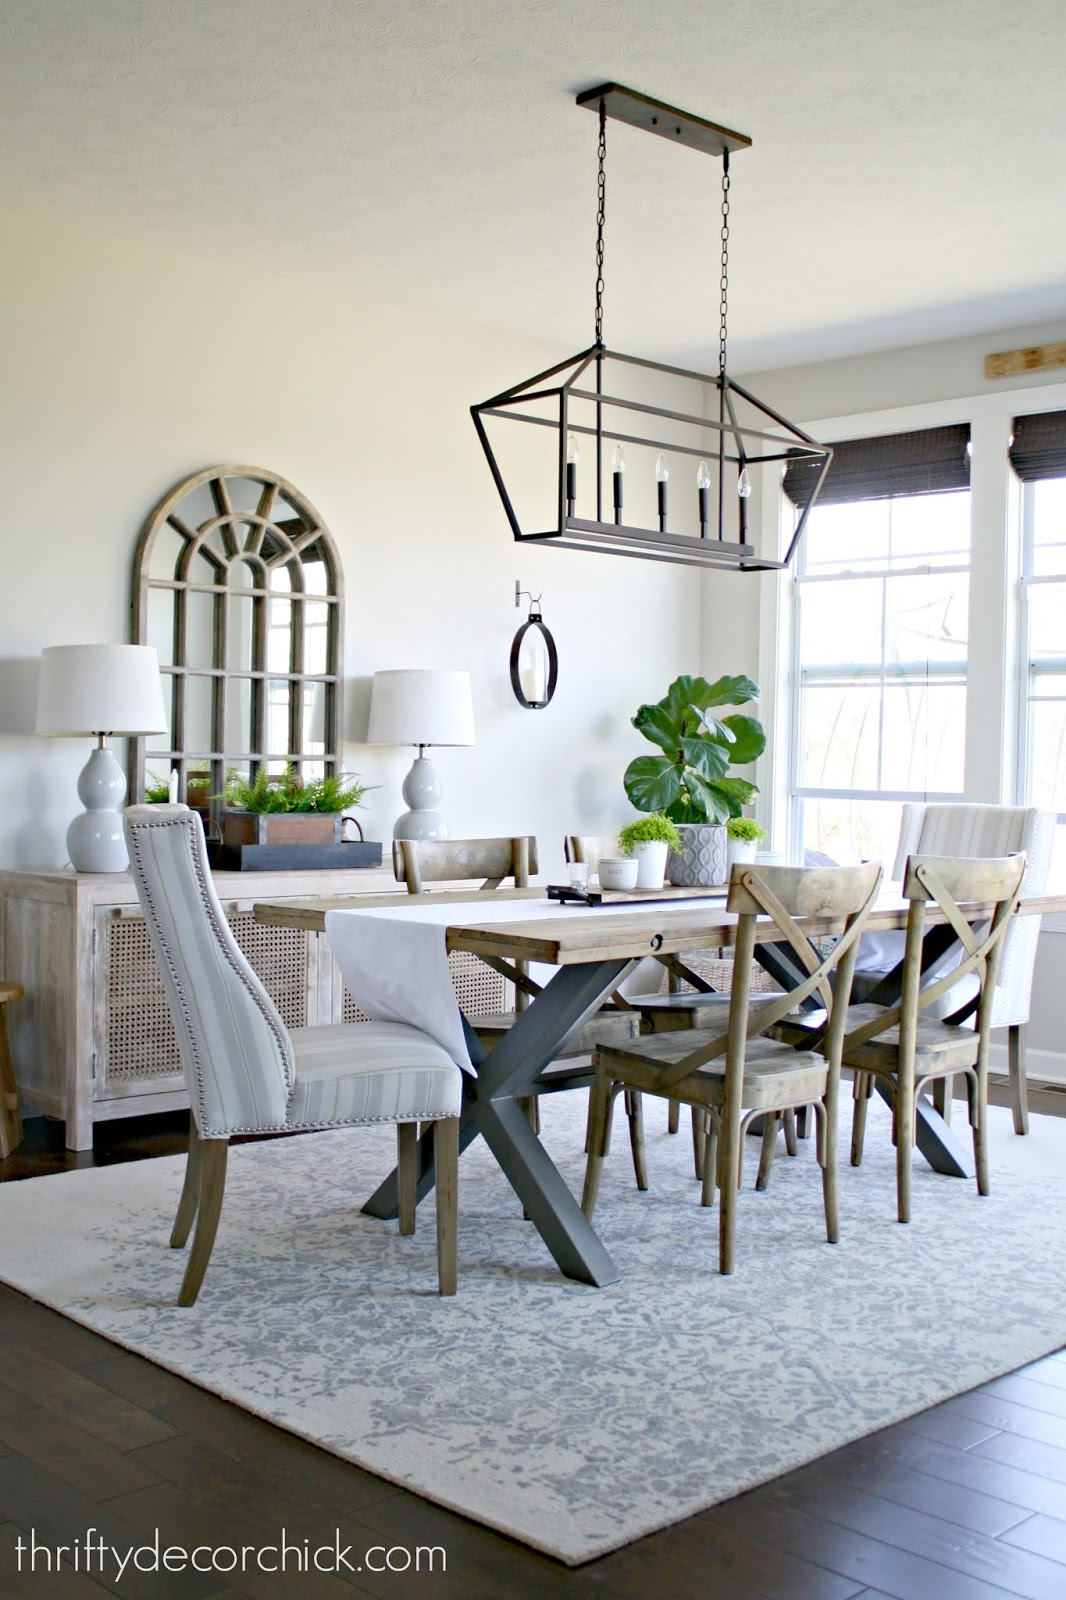 Morning room/dining area
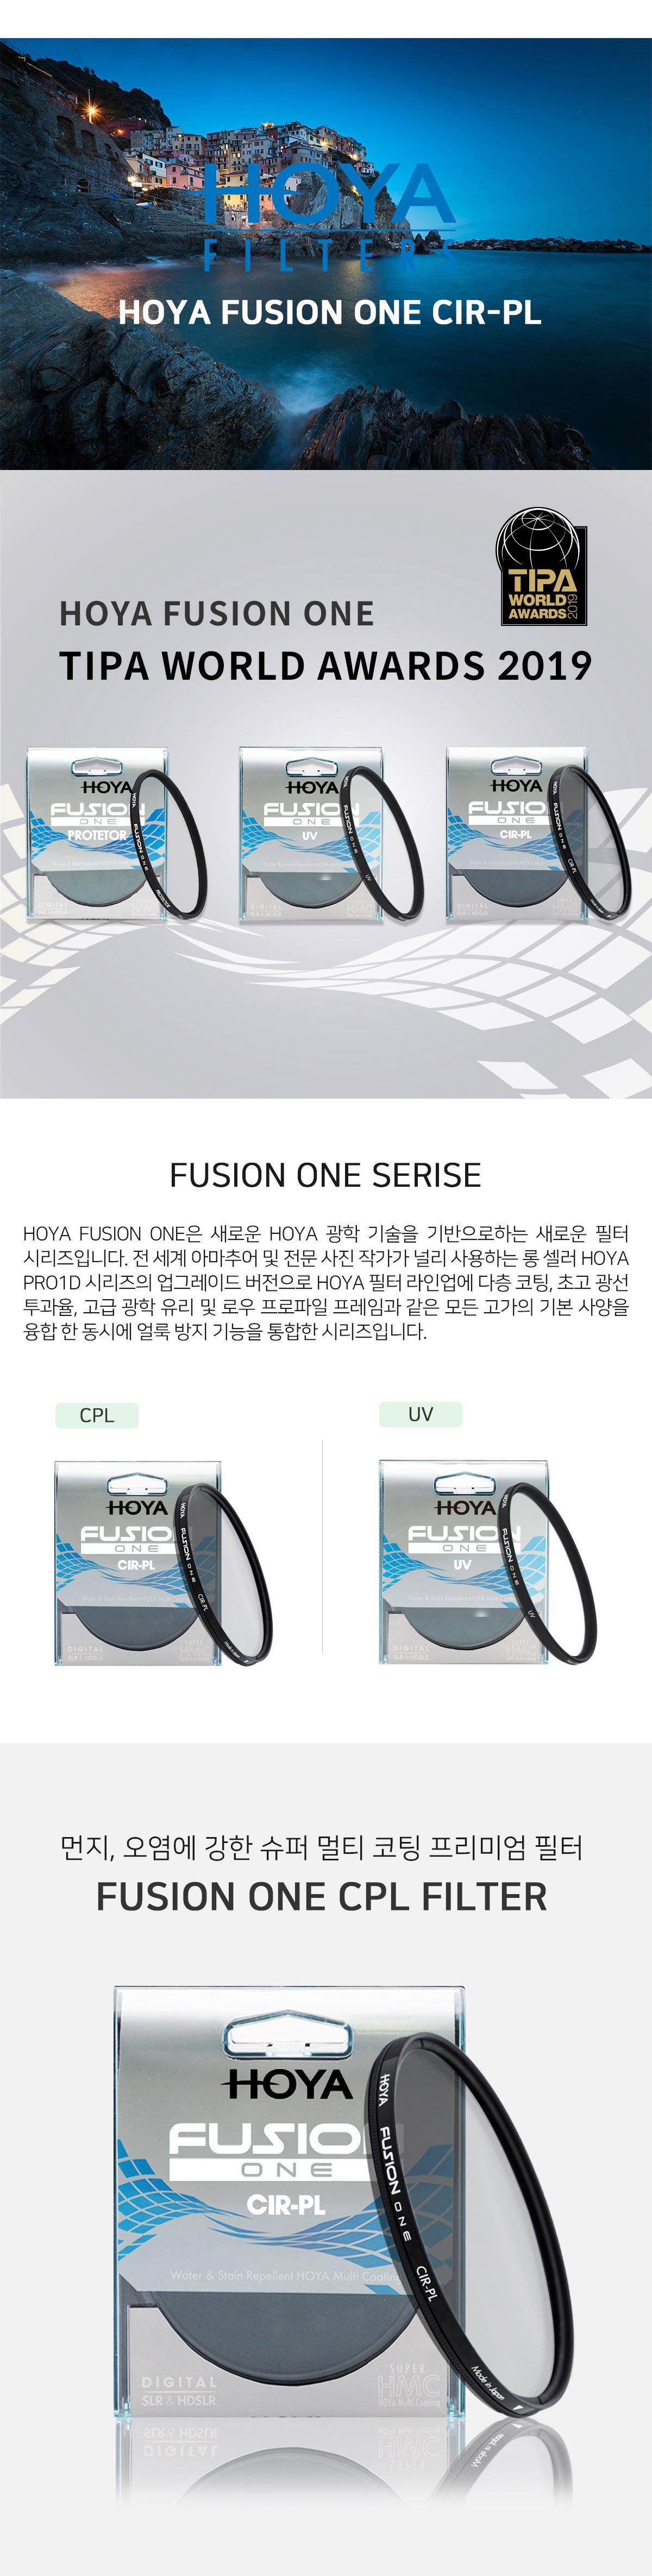 Fusion_One_CPL_01.jpg
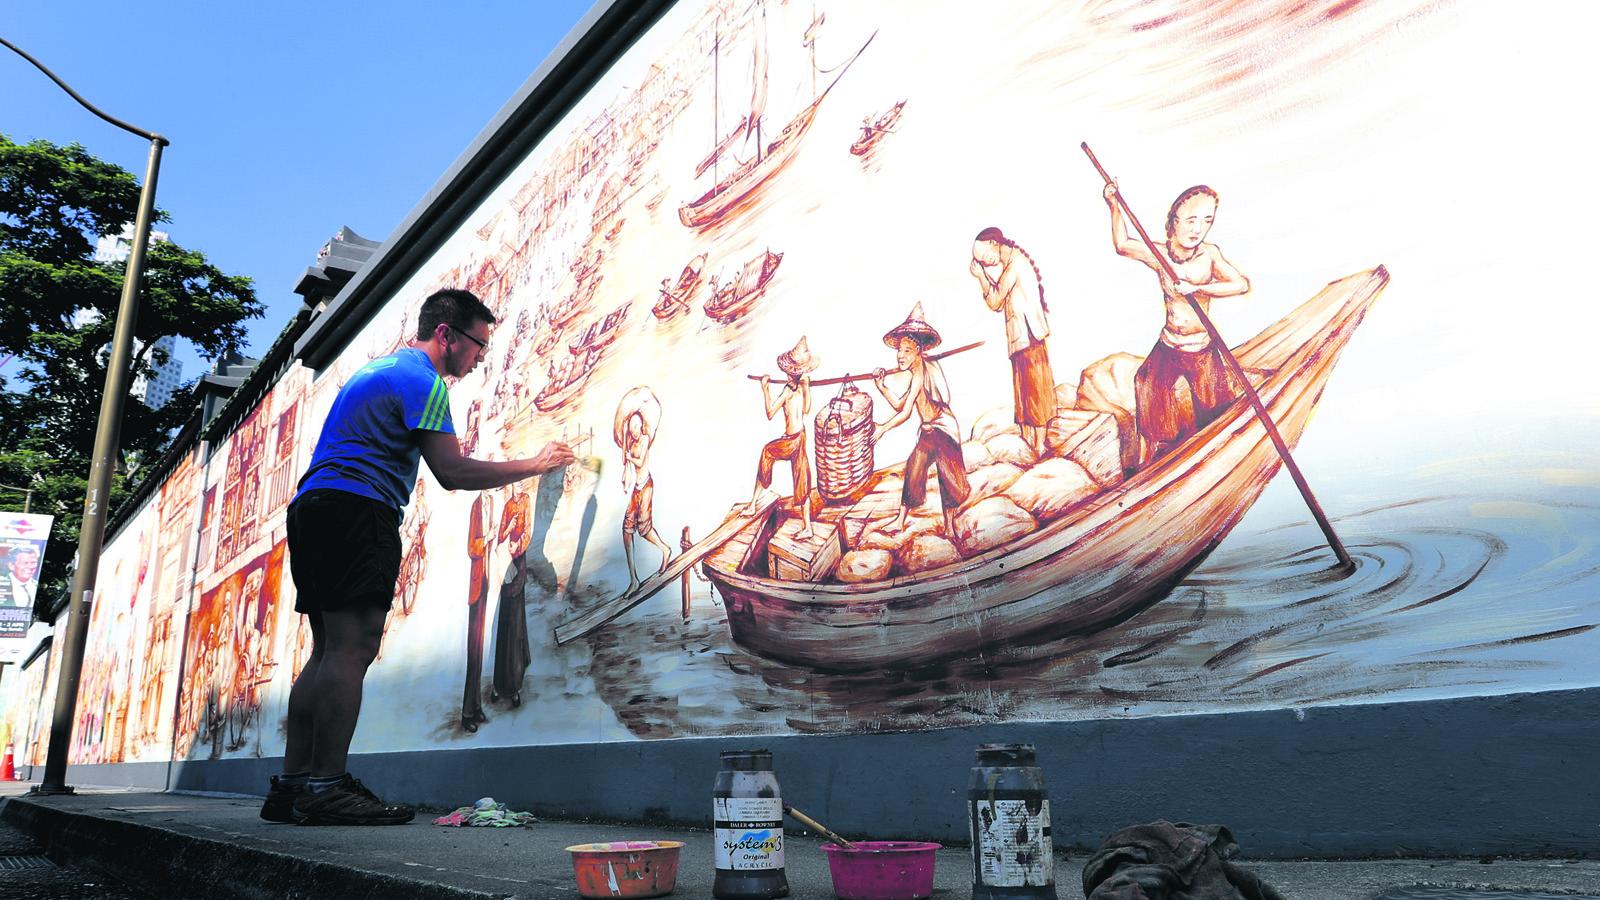 Yip_Yew_Chong_painting_his_mural_at_Amoy_Street.jpg
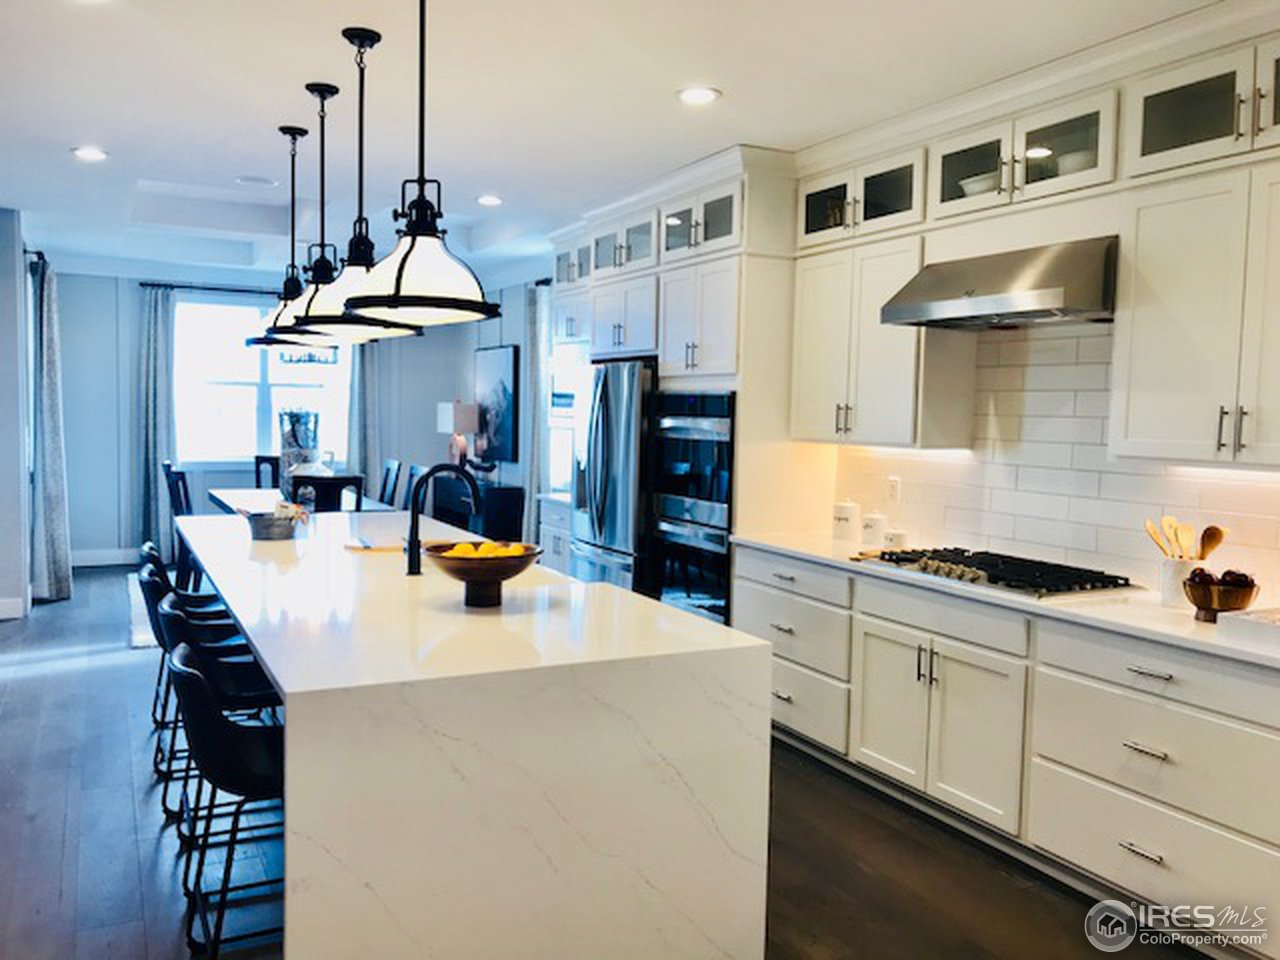 Berthoud Colorado Homes for Sale

• **Work to be completed**: Skipping any pictures, transcribe the full listing exactly.

• **Expected answer**:
 Morning room/dining area
 Fusion_One_CPL_01.jpg
 Yip_Yew_Chong_painting_his_mural_at_Amoy_Street.jpg
 Berthoud Colorado Homes for Sale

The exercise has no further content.